Now that US Education Secretary Betsy DeVos has approved Pennsylvania’s 13-year education-improvement plan, state officials are working on rolling out some changes.

The updated plan is designed to bring Pennsylvania into compliance with the Obama-era Every Student Succeeds Act. It’s the commonwealth’s first comprehensive update since 2002.

One key change? Broadening how school success is measured.

A new system dubbed the Future Ready PA Index is being released in the fall, and will track things like career readiness, along with existing criteria like test scores.
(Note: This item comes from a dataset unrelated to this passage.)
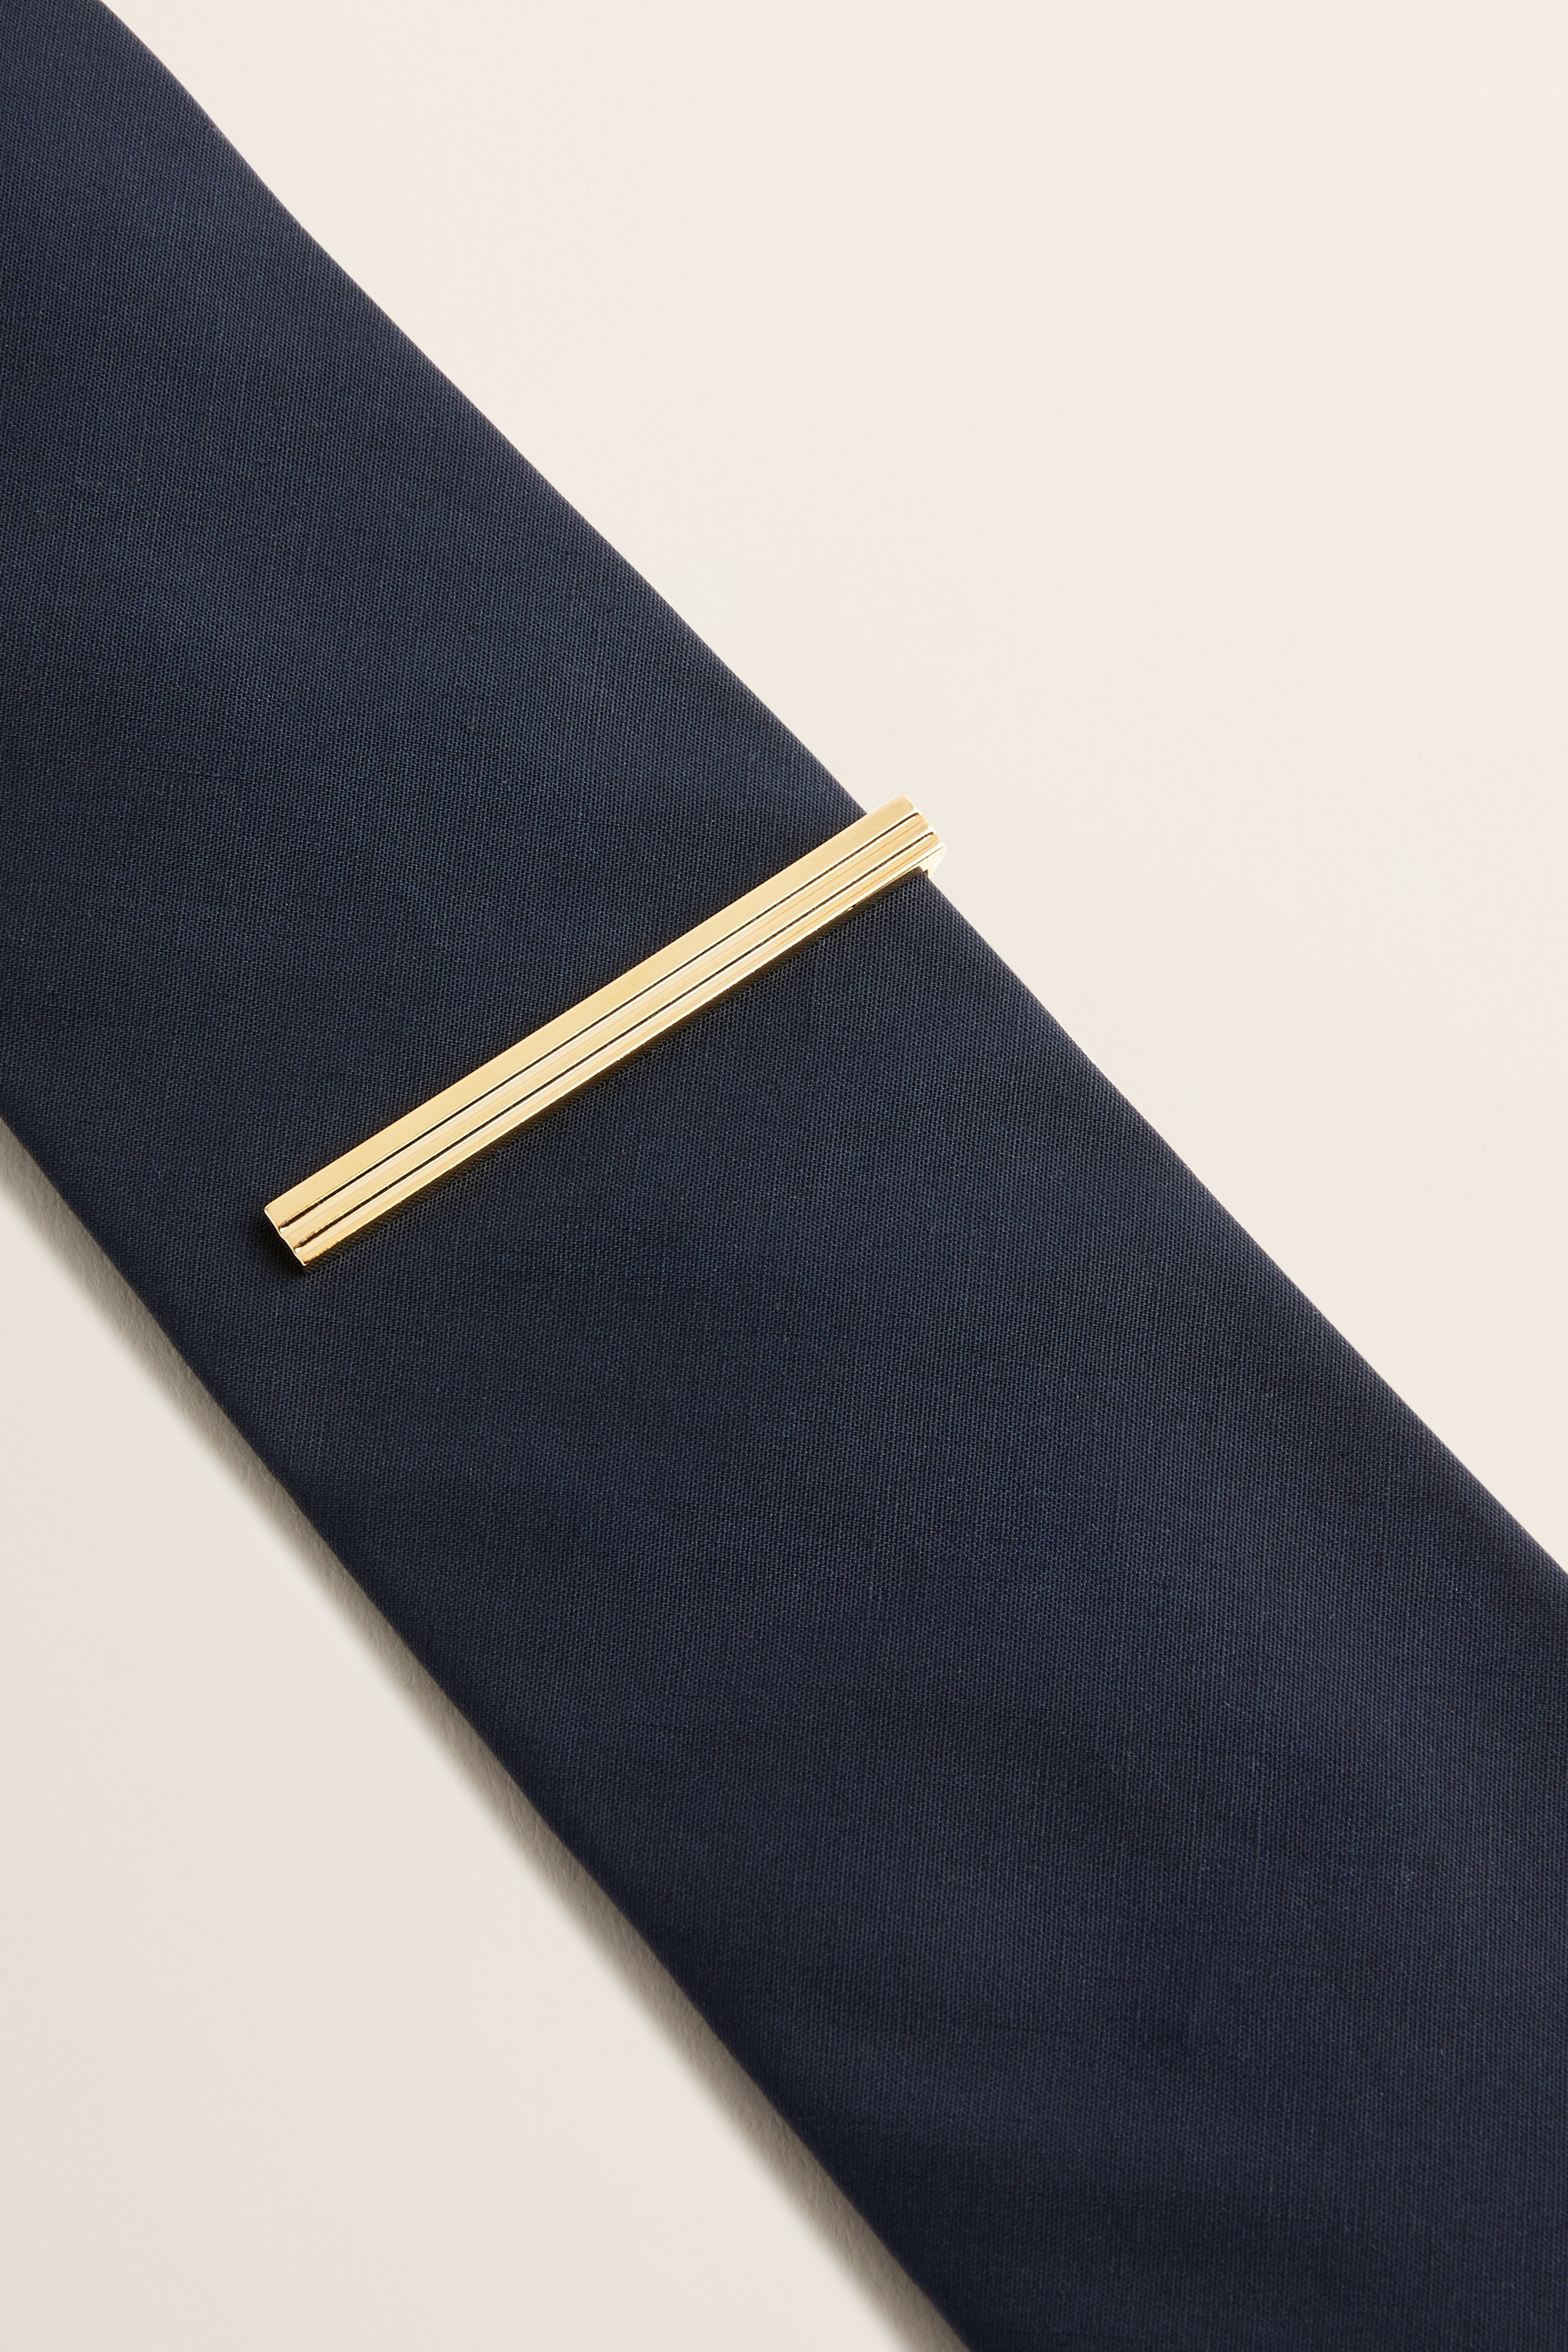 Tie Tack - Gold Brushed

Critics, including state lawmakers and an independent panel of education policy experts, have complained the new measures are too vague—as are the plan’s procedures for holding schools accountable to their improvement goals.

Matt Stem, a Deputy Secretary with the Education Department, acknowledged the index is certainly loose in certain areas.

But he maintained, it’s supposed to be that way.

“If a system is designed that’s overly rigid, invariably you run into unintended consequences,” he said. “We want to design a system that affords us the ability to flexibly meet the needs of each school and community.” 

The plan also makes state tests an average of 20 percent shorter in third through eighth grades.

It still uses the Keystone Exams as the federal assessment for high school students. That’s something lawmakers on both sides of the aisle have been trying to change, arguing that it is expensive and time-consuming to administer, and a standard test like the SAT or ACT would be a better option.

Stem said those tests wouldn’t necessarily square with state standards, and that review is necessary.